O evento abordou as dimensões da nova política pública e os recursos pedagógicos disponibilizados para sua execução, além de encaminhar orientações para adesão, construção e implementação dos planos de ação. Com o programa de educação financeira, o MEC assegura aos estudantes da educação básica os direitos de aprendizagem e desenvolvimento que lhes permitam reconhecer, compreender e analisar criticamente as relações econômicas que se manifestam na vida social, tomando decisões convergentes para o bem-estar individual e comum.   

A secretária de Educação Básica do MEC, Kátia Schweickardt, agradeceu a contribuição dos presentes na articulação da política e lembrou que ela deve estar alinhada à realidade do país, com foco nos estudantes mais vulnerabilizados. “A política deve dialogar com os currículos dentro das realidades territoriais do Brasil e na direção do enfrentamento das desigualdades”, afirmou.  

Ao contextualizar dados do Censo Escolar 2024, divulgados também na quarta-feira (9), Schweickardt indicou que “a partir de uma certa idade, a distorção idade-ano, que tira direitos desses adolescentes, se aprofunda. Em certas regiões, tem cor, raça, gênero e renda, disse. Educação financeira é falar de combate à desigualdade, senão, não vai adiantar. Estamos falando muito com as crianças e adolescentes da importância de entenderem e melhorarem sua relação com o dinheiro.
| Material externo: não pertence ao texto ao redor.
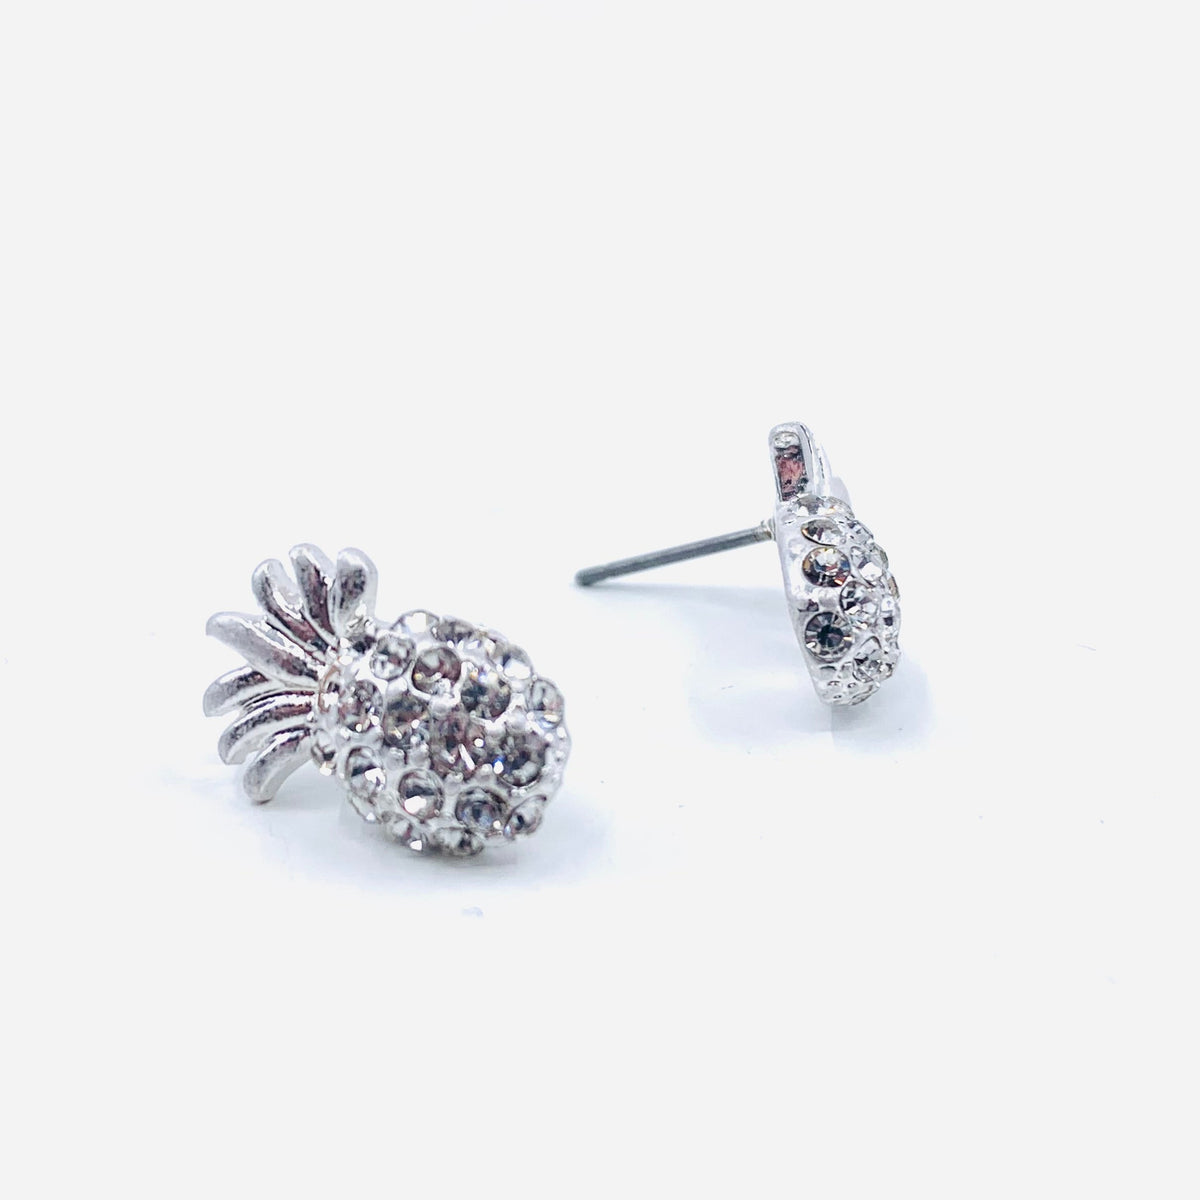 Rhinestone Pineapple Earrings Jewelry Cloie NY

Mas não dinheiro enquanto um papel, mas como um motor de possibilidades de ter uma trajetória acadêmica e de vida sustentável, com seus direitos garantidos”, defendeu Kátia Schweickardt.   

O diretor de Políticas e Diretrizes da Educação Integral Básica, Alexsandro do Nascimento Santos, acrescentou que o programa é parte do processo de construção da cidadania brasileira. “A educação financeira é um compromisso do Estado brasileiro para a formação cidadã de todas as pessoas. O objetivo central do programa, além de coordenar esforços que já vinham sendo feitos por diferentes atores, é garantir a implementação da macroárea educação financeira, que está lá na nossa Base Nacional Comum Curricular. Então, se trata do cumprimento de uma obrigação do estado brasileiro”, reiterou Alexsandro. O diretor lembrou que o Ministério da Educação tem um papel “coordenador, indutor e de assistência técnica para aqueles que fazem, de fato, a política de educação básica nos territórios”.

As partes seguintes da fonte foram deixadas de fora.